Доман промолчал. Мирш ворчал:
— Не тронь лиха, пока спит тихо. Троньте-ка Хвостека, он напустит на вас немцев да поморян.
— Прогоним!
— А покуда прогоните, они поля у вас разорят, а у меня горшки перебьют! — засмеялся гончар.
И, глядя на озеро, покачал головой.
Но вот чёлн пристал к берегу, перевозчик, утерев пот со лба, зачерпнул пригоршню воды, напился и лёг отдыхать. Доман пошёл к нему.
— Так вы и пойдёте в храм, без всякой жертвы? — окликнул его Мирш.
— А вы хотите, чтобы я взял у вас миски! — отрезал кмет.
— Мне в этом нет нужды, а вам может понадобиться, — буркнул Мирш.
— Но даром вы их не даёте?
— Случается, — ответил старик и хлопнул в ладоши. — Нынче такой уж день, что я дам вам миски, поставите перед Нией…
Показался немолодой человек, сын гончара, стоявший у печи. Не произнося ни слова, старик жестами показал, чего хотел, и снова уселся, а через минуту сын его принёс несколько маленьких мисочек, которые и отдал Доману.

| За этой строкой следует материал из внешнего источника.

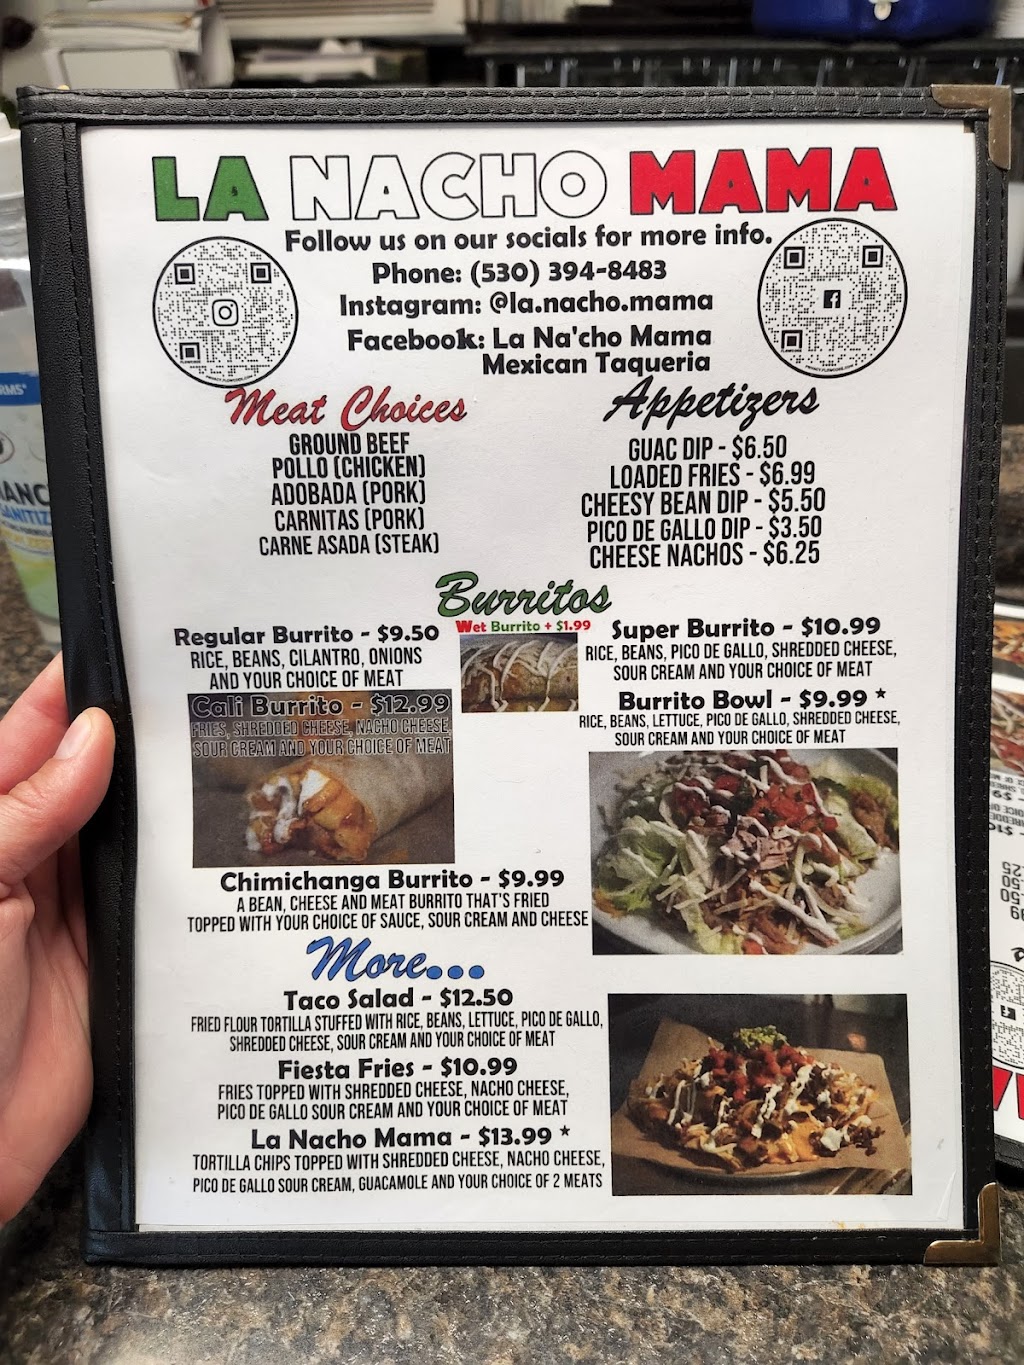 La Na’cho Mama Mexican Taqueria | restaurant | 2061 E Main St, Quincy, CA 95971, USA | 5303948483 OR +1 530-394-8483

В те времена поляне уже знали деньги, хотя сами не чеканили. Издавна к ним привозили их и приносили купцы, приезжавшие на кораблях или приходившие с юго-запада за янтарём. Римские, греческие и арабские монеты были в ходу у населения. Привозили их также и из Винеды. У Домана было при себе несколько таких серебряных пластинок, и он хотел дать одну старику, но тот отвёл его руку.
— Поставьте миски от меня, — сказал он и, кивнув головой, сел на своё дерево.
Доман вскочил в ладью; полуголый, обросший волосами перевозчик, вздохнув, взялся за весла и, затянув что-то вполголоса, оттолкнулся от берега.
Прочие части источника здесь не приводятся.